Formerly, service of notice of protest through the post-office was not allowed in any case, wherever the indorser might reside. (Ransom v. Mack, 2 Hill, 587.) The rule was subsequently relaxed. When the person to be served resided in a different place from the one where the note was presented, and there was a regular mail communication between the two places, service by post was allowed. [308]*308But the notice was required to be directed to the residence of the indorser. Yet it was sufficient if it was directed to a post-office where he was in the habit of receiving his letters. (Montgomery Co. Bank v. Marsh, 3 Seld., 481.) The Act of 1835, (Sess. Laws, 1835, p. 152,) declared that it was sufficient service if directed to the city or town where the indorser resided, at the time of indorsing, unless at the time of affixing his signature, he should, in addition thereto, specify thereon the post-office to which he might require the notice to be addressed. Under this act, if the indorser specified the post-office to which he desired notice to be sent, it would not be sufficient to charge him if it was sent elsewhere. In so far the former rule was changed. In the absence of any such specification, the notice must be sent to the residence of the indorser, or to the post-office where he usually received his letters, if known to the holder. Where the indorser, however, resided in the same city or town in which the note was payable, it was required that the notice should be served on him personally, or by leaving it at his residence or place of business. (Van Vechten v. Pruyn, 3 Kernan, 549.)
The act of 1857, (Sess. Laws, 1857, vol. I, p. 839, § 3,) provides that where the residence or place of business of the indorser is in the same city or town in which the note may legally be presented for payment, notice of non-payment may be served, by depositing the same, with the postage prepaid thereon, in the post-office in the city or town where such note was presented, directed to the indorser at such city or town. The notary in this case has followed the very letter of the statute, whatever may be its spirit and meaning.
I cannot entertain a doubt that an indorser may make it a part of his contract that notice of the dishonor of the note or bill shall be sent to him at a particular place, and that where he does so, and it is known to the holder, a notice sent elsewhere, would be insufficient. There are many cases in the books where it has been held to be a sufficient service if sent to the place indicated by the [309]*309indorser. (Story on Prom.

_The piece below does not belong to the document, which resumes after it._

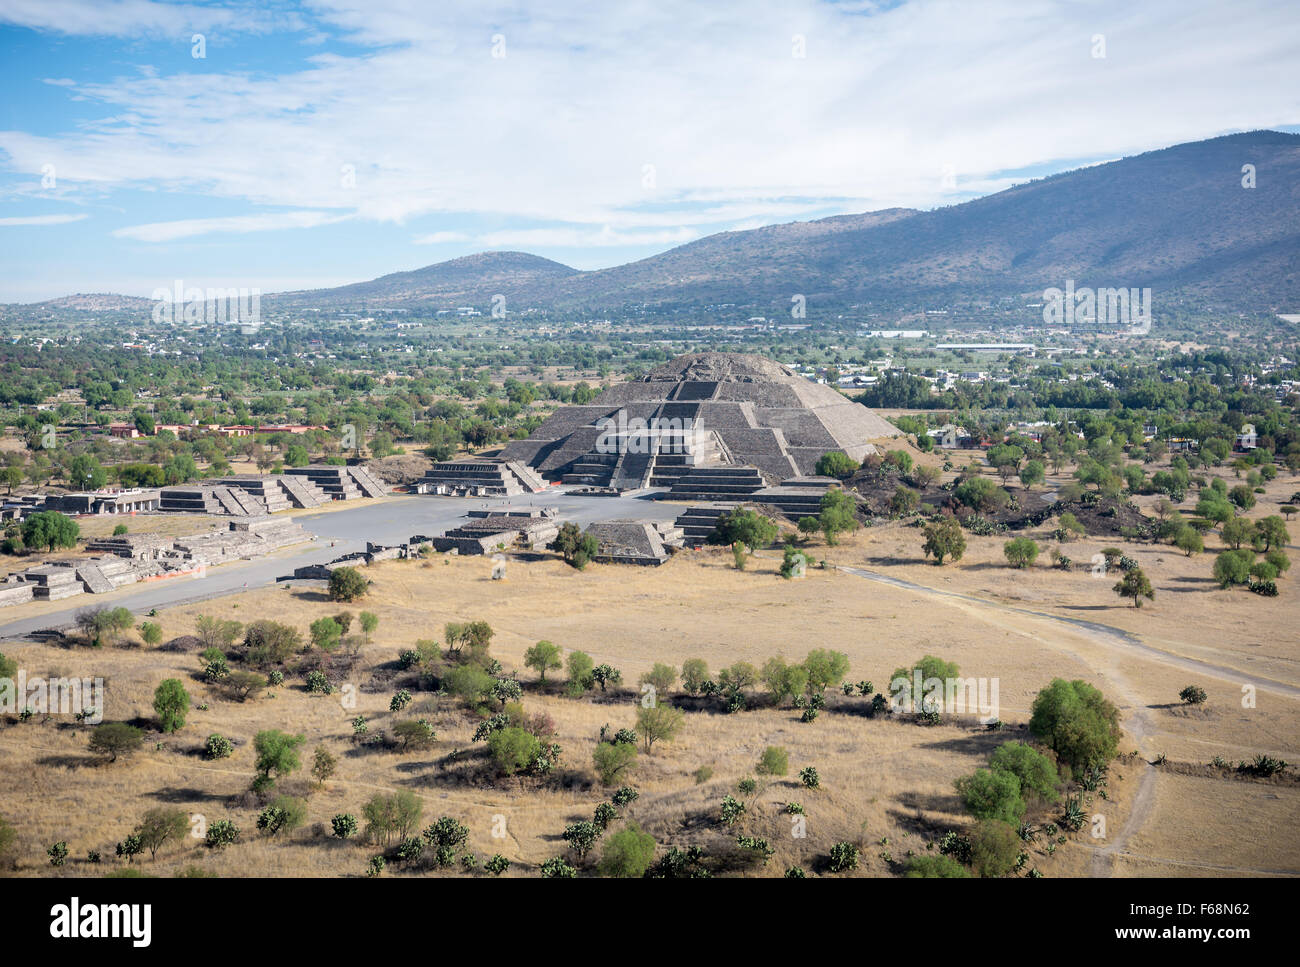 The pyramid of the moon and the alley of the dead in Teotihuacan Mexico. (Avenida de los muertos) Stock Photo
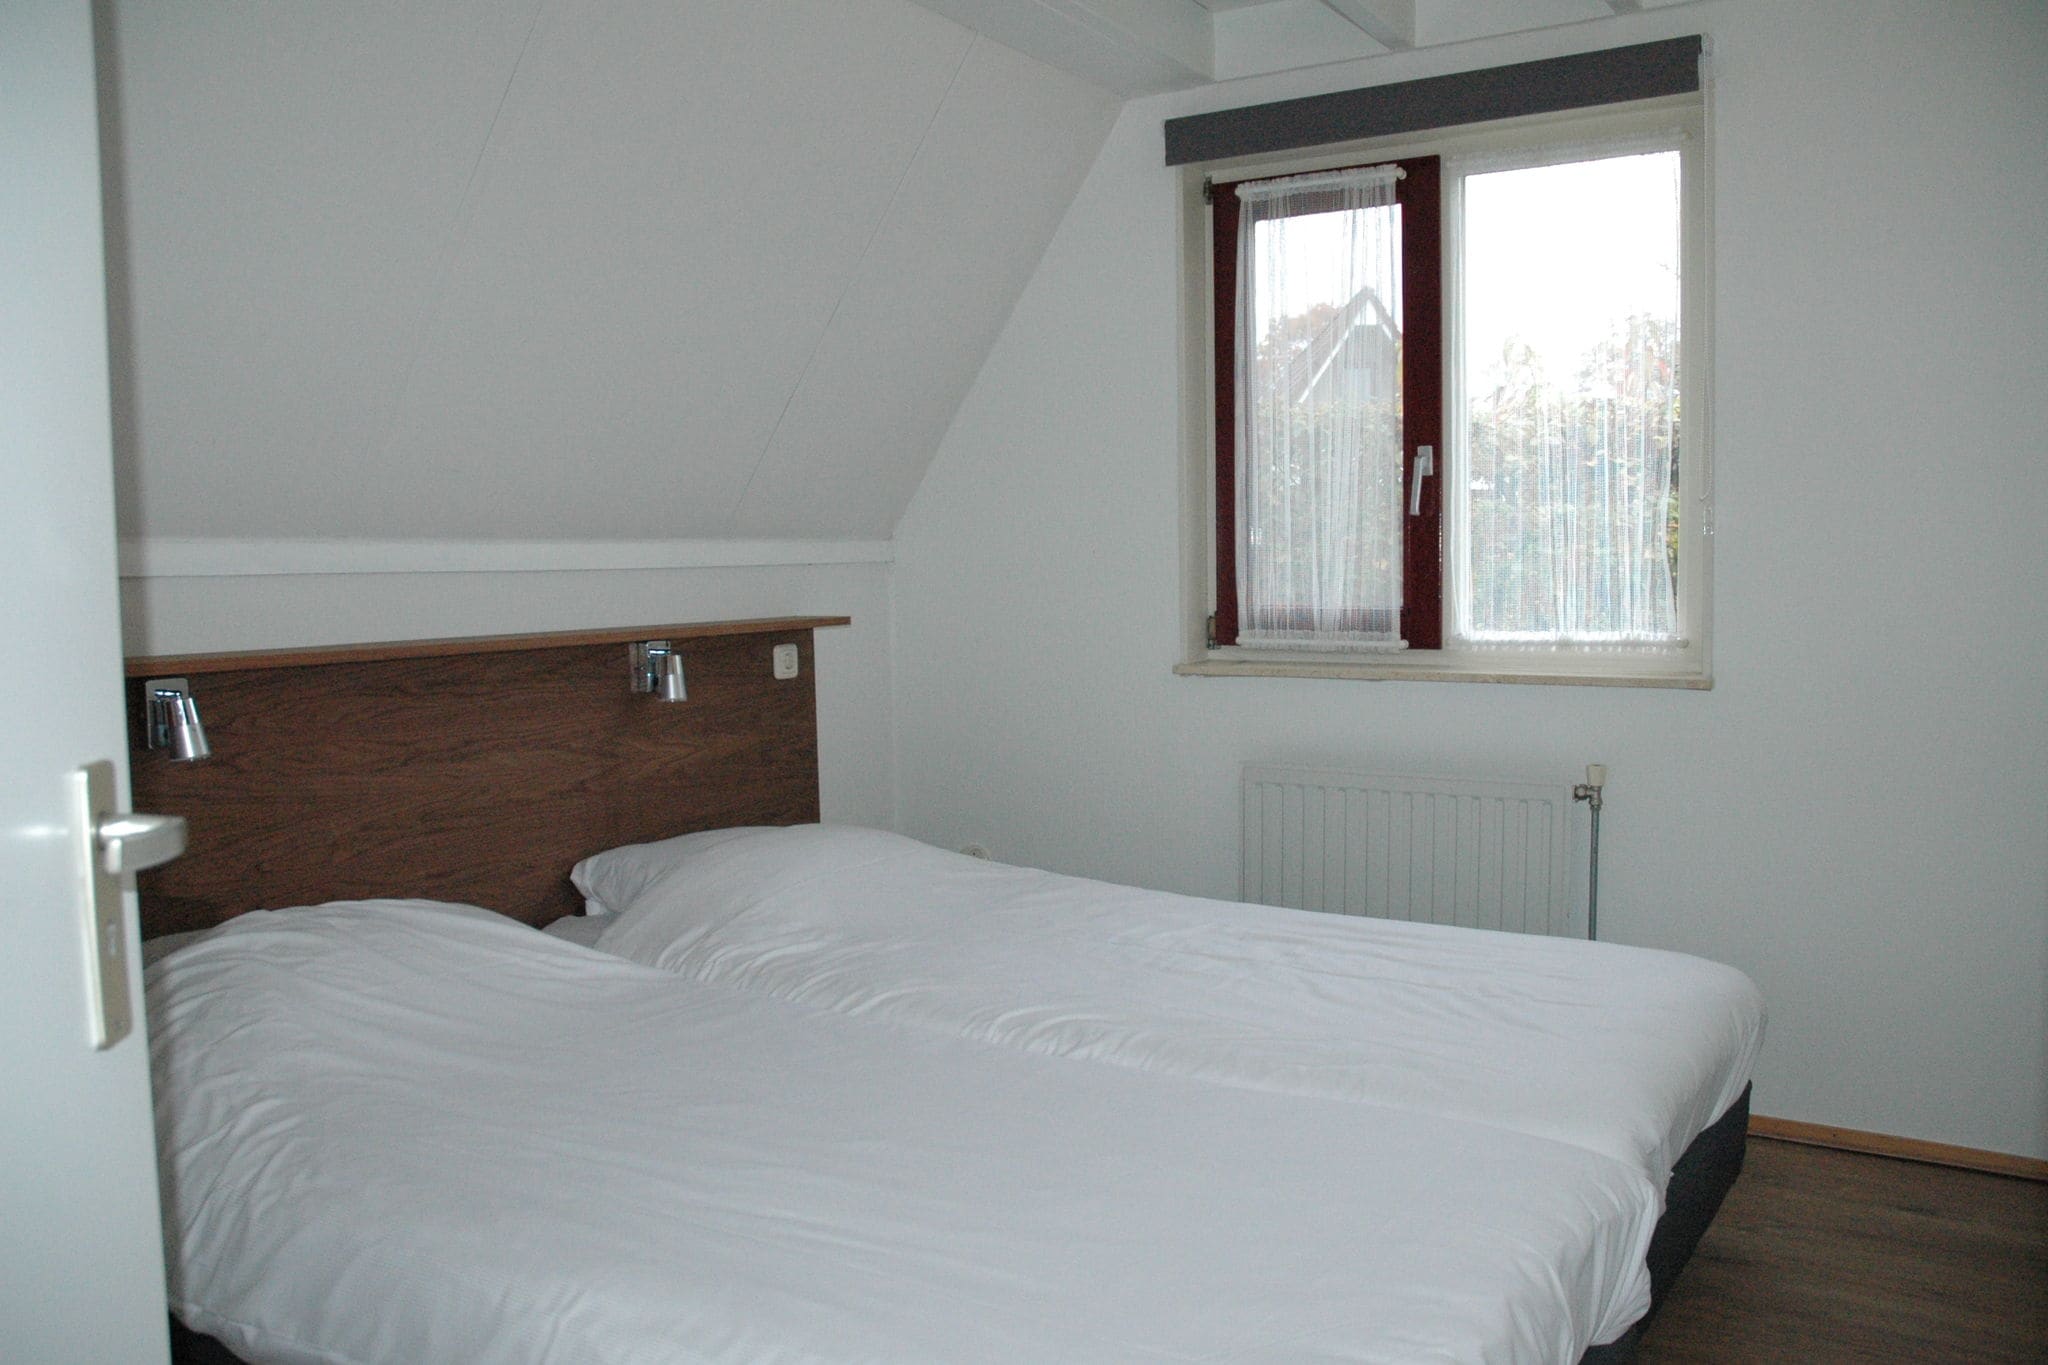 Detached holiday home with dishwasher, 16 km. from Assen

Notes, § 314; Brent v. Bank of the Metropolis, 1 Peters S. C. R., 89; Morris v. Husson, 4 Sandf., 93.) And it seems to me to follow that a service thus made is not only sufficient, but that it cannot be made at any other place. If the maker of a note makes it payable at a particular place, it must be presented there for payment, and a presentment elsewhere would not be sufficient. (Story on Prom. Notes, $ 227.)
The object of a notice of dishonor of a note or bill to an indorser, is that he may protect himself from loss, and the law requires the greatest diligence on the part of those who would charge him, that he may receive early notice of the protest. The stringency of the common law rule has, as we have observed, been modified by the two statutes-above referred to; but neither of them has intrenched upon the right of the indorser to require notice to be given to him, at a place designated by himself. The act of 1857 must be regarded of doubtful policy in its application to large and populous cities, where hundreds of the same name are to be found, and where a notice addressed to an indorser at such a city, without any designation of street or number, would hardly reach him. Hence the greater necessity on his part of guarding against a failure to receive his notices, by a designation, under his name, of his street and number. I think he has a right to do so, and to require thereby that his notice shall be addressed to him at such place.
The defendant having done so in this case, the notary should have addressed the notice of protest accordingly.
' His failure to do so discharged the defendant, there being no evidence that he received the notice.
The judgment should be affirmed with costs.